The next day I awoke to an incredible sandstorm. The wind was so strong that at times I couldn´t see more than a few feet in front of me on the street, and the power went out in the entire village. I wandered off the dusty streets and into the home of a local artisan named Gonzalo Rafael Alvarez, who specializes in carving wood slabs into stamps and then making prints with them. He lives in his house with his daughter and partner, surrounded by his artwork and his broad collection of books. We had a fascinating conversation in which he pulled down a number of the books from their shelves to illustrate different points--everything from the iconography of traditional Argentinian graphic art to the art collection of the
Museo del Prado in Spain. Perhaps the wind howling outside contributed heavily to the otherworldy atmosphere, but it was one of those pivotal conversations in life that has the power to forever alter one´s perception--in this case, my perception of art itself. Not only did I end up buying several prints, but I also purchased several of the original stamps he had carved. It would not surprise me to see his work in a museum someday and, aside from my ATM card, these carvings are now my most closely guarded possessions.
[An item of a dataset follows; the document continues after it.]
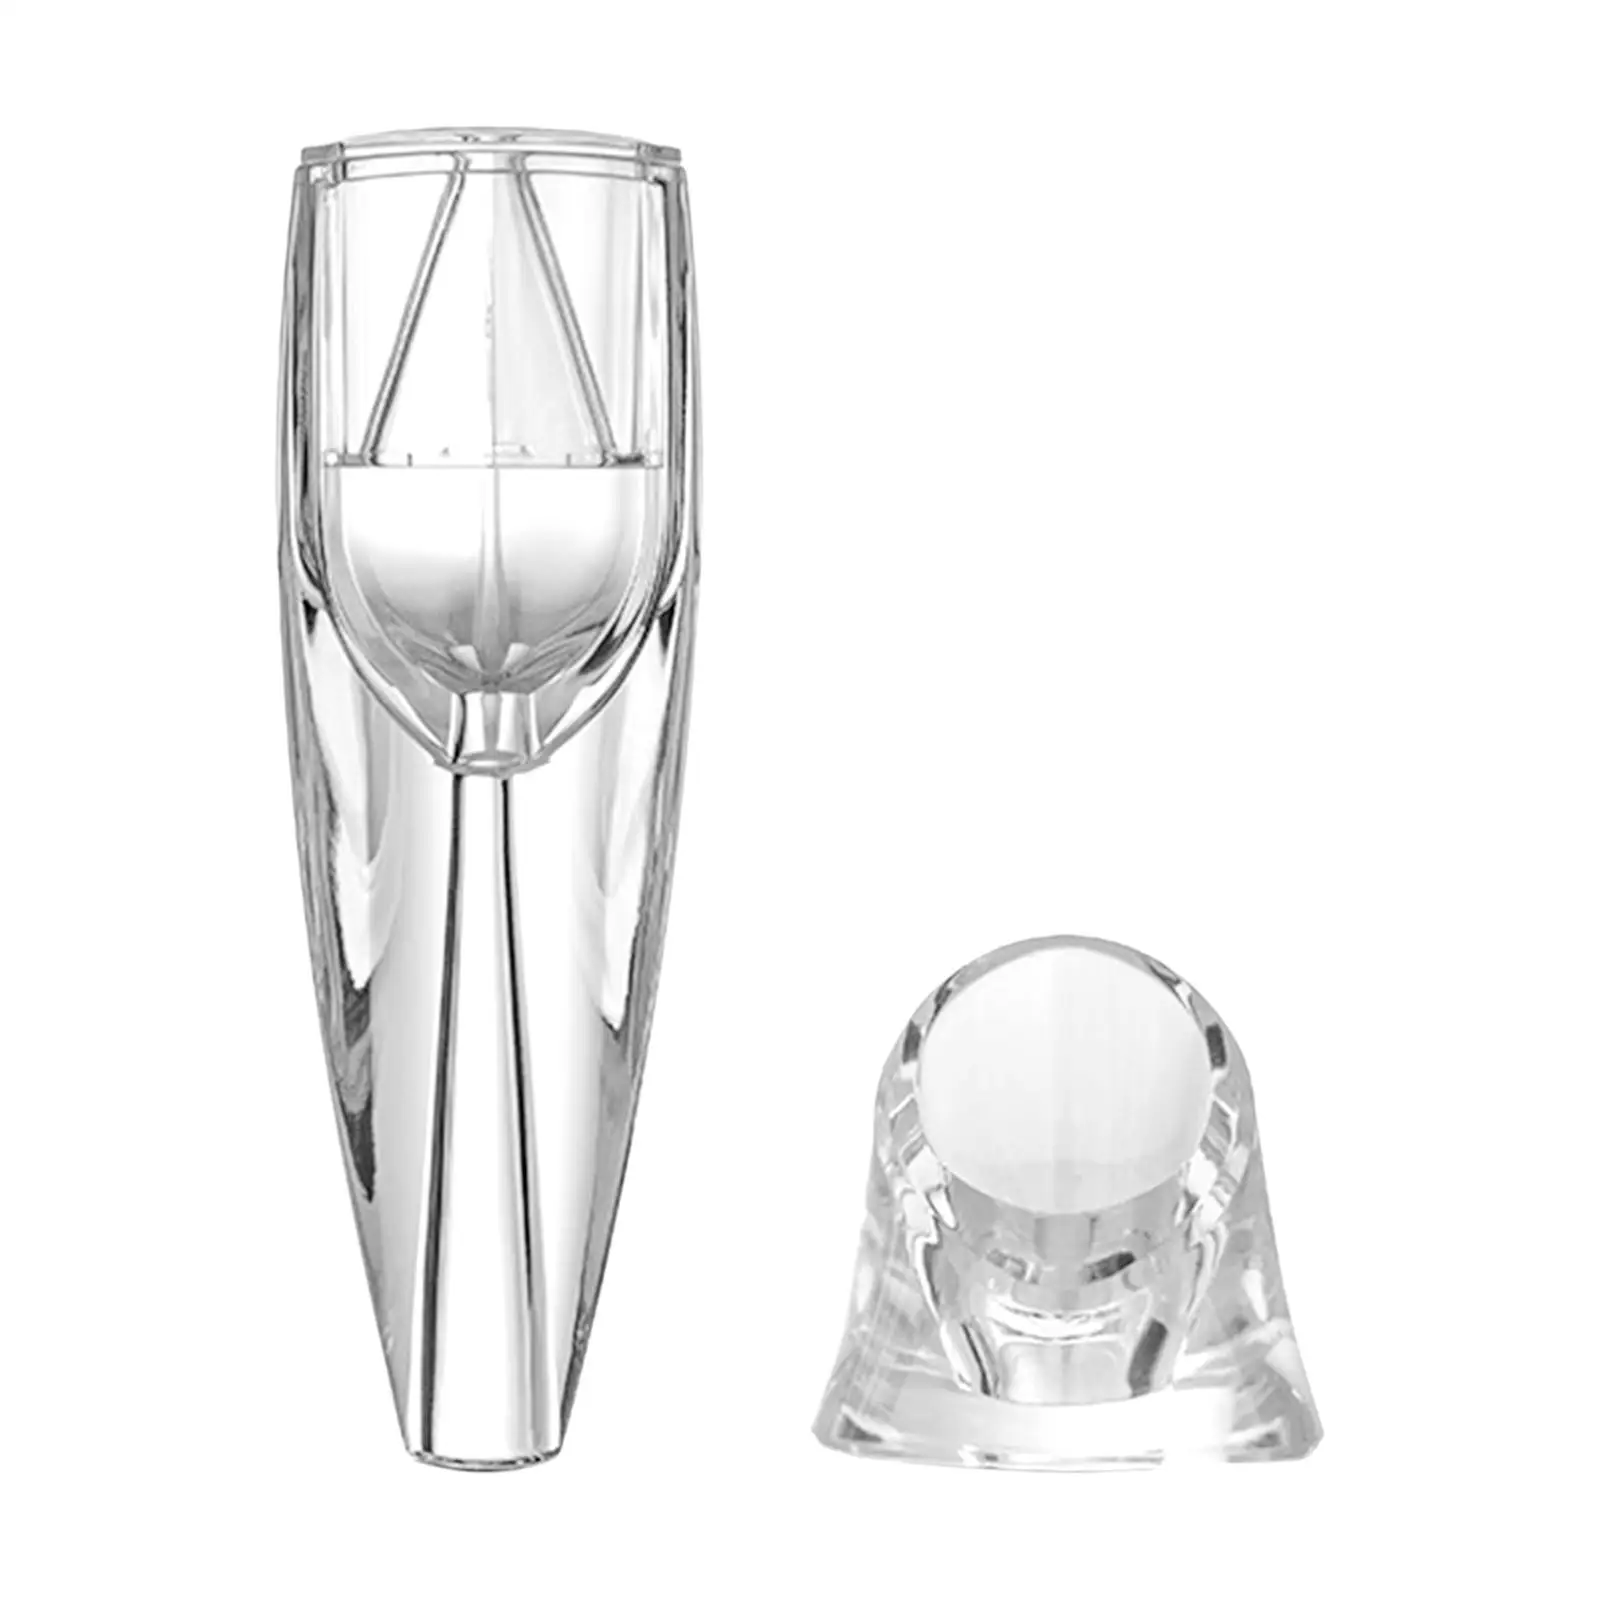 Transparent Quick Decanter Hand Held Carafe Acrylic for Party Outdoor Men

Around sunset the heaviest of the winds had abated, and Matias and I got a bottle of Argentine red wine and climbed up to a vista point at the edge of town to watch the sunset and see what the night sky would be like with no lights coming from the village. There is only one other time in my life that I have seen a sky more bliss-inducing than the one over Purmamarca last night, and that was when I stayed in a mud hut on the cliffs over the Indian Ocean in South Africa. There is something about the sky above the Southern Hemisphere that is absolutely magical to me. I think that maybe because I only recognize two of the constellations (as opposed to the Northern Hemisphere, where most of them are at least familiar), my brain is blown wide open by the sheer immensity of it all. After lying on our backs staring upwards for a good long time, we walked down to enjoy a delicious dinner in the plaza.

Despite its many charms, one thing that Purmamarca lacks is an outdoor patio where you can enjoy a coffee or a glass of wine al fresco. Another thing it lacks is an ice cream store. And there´s not one bookstore in town, either. If I ever have to flee the States, I am heading straight to Purmamarca to open a sidewalk cafe that makes its own ice cream and sells books.